Sound a bit too magical? Let’s first take a look at what happens if we try to write a recursive let-bound function in Gleam:

pub fn example() {
  let factorial = fn(x) {
      case x {
        0 -> 1
        x -> x * factorial(x - 1)
              // ^^^^^^^^^ The name `factorial` is not in scope here.
      }
    }

  assert fact(5) == 120
}

We get a compile error because the name factorial is not in scope inside the function body. What does it look like if we try to use fix?

import funtil

pub fn example() {
  let factorial =
    funtil.fix(fn(factorial, x) {
      case x {
        0 -> 1
        x -> x * factorial(x - 1)
      }
    })

  assert fact(5) == 120
}

🚨 Gleam is designed with this limitation to encourage you to pull things out of let bindings when they get too complex. If you find yourself reaching for fix, consider if there’s a clearer way to solve your problem.

A version of the fix util for functions that take two arguments.

🚨 Gleam is designed with this limitation to encourage you to pull things out of let bindings when they get too complex. If you find yourself reaching for fix2, consider if there’s a clearer way to solve your problem.

A version of the fix util for functions that take three arguments.

🚨 Gleam is designed with this limitation to encourage you to pull things out of let bindings when they get too complex.
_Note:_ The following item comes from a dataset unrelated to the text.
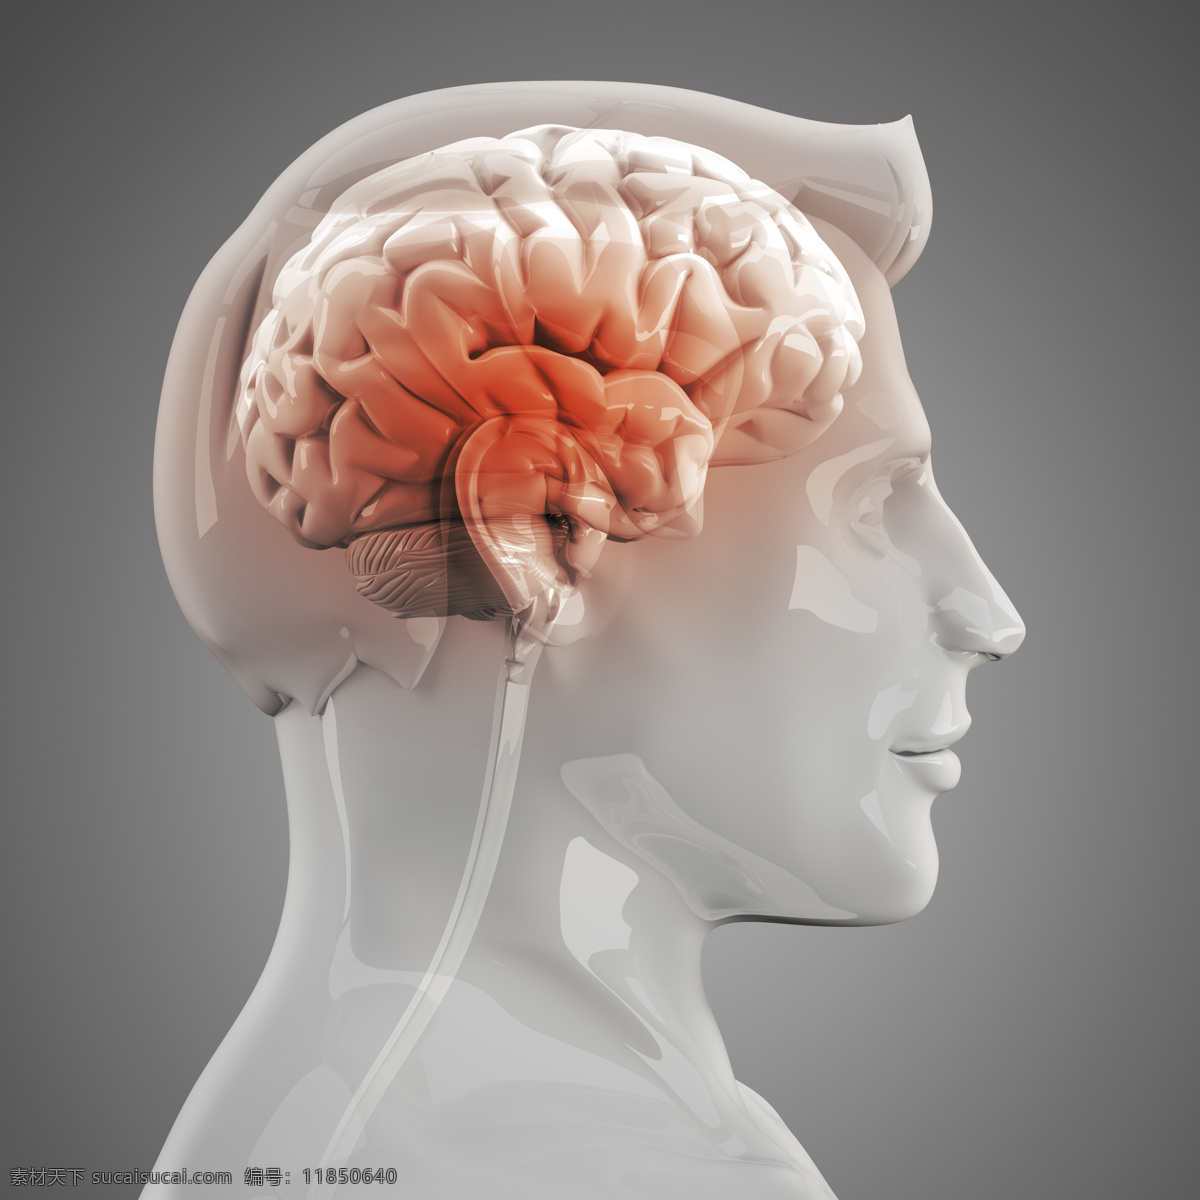 人体 左 脑 x 光 图像 透视图 x光 医疗主题 左脑 医疗护理 现代科技

If you find yourself reaching for fix3, consider if there’s a clearer way to solve your problem.

If you’ve got a Never somewhere in a type it can be a bit of a problem if you need something else. Just like Never is a type that can never be constructed, never is a function that can never be called.

To take our Result(Int, Never) example from above, what if we want to pass that value into a function that expects a Result(Int, String)? As it stands, the types don’t match up, but because we know that we can never have an error, we can use never to pretend to convert it into a String:

import funtil.{Never, never}
import gleam/io
import gleam/result

fn log_error(result: Result(a, String)) -> Result(a, String) {
  case result {
    Ok(a) -> Nil
    Error(message) -> io.println(message)
  }

  result
}

fn example() {
  let val: Result(Int, Never) = Ok(42)

  val
  |> result.map_error(never)
  |> log_error
}

Compose two functions together, where the output of the first function is passed as the input to the second function. This is known as composition and can be a way to write code in a “point-free” style where you don’t explicitly mention function arguments.

import funtil
import gleam/list
import gleam/string

fn example() {
  let shouty_names =
    list.map(
      ["yoshie", "danielle", "marniek"],
      string.uppercase |> funtil.then(string.append(_, "!"))
    )

  assert shouty_names == ["YOSHIE!", "DANIELLE!", "MARNIEK!"]
}

🚨 Gleam intentionally doesn’t have an operator for function composition. In other languages this is often represented as . or >>. Point-free programming can be a useful tool but it can also make code harder to understand, hold with care!

Take any value and replace it with Nil. This can be a nicer way of using value-producing functions in places where you only care about their side effects.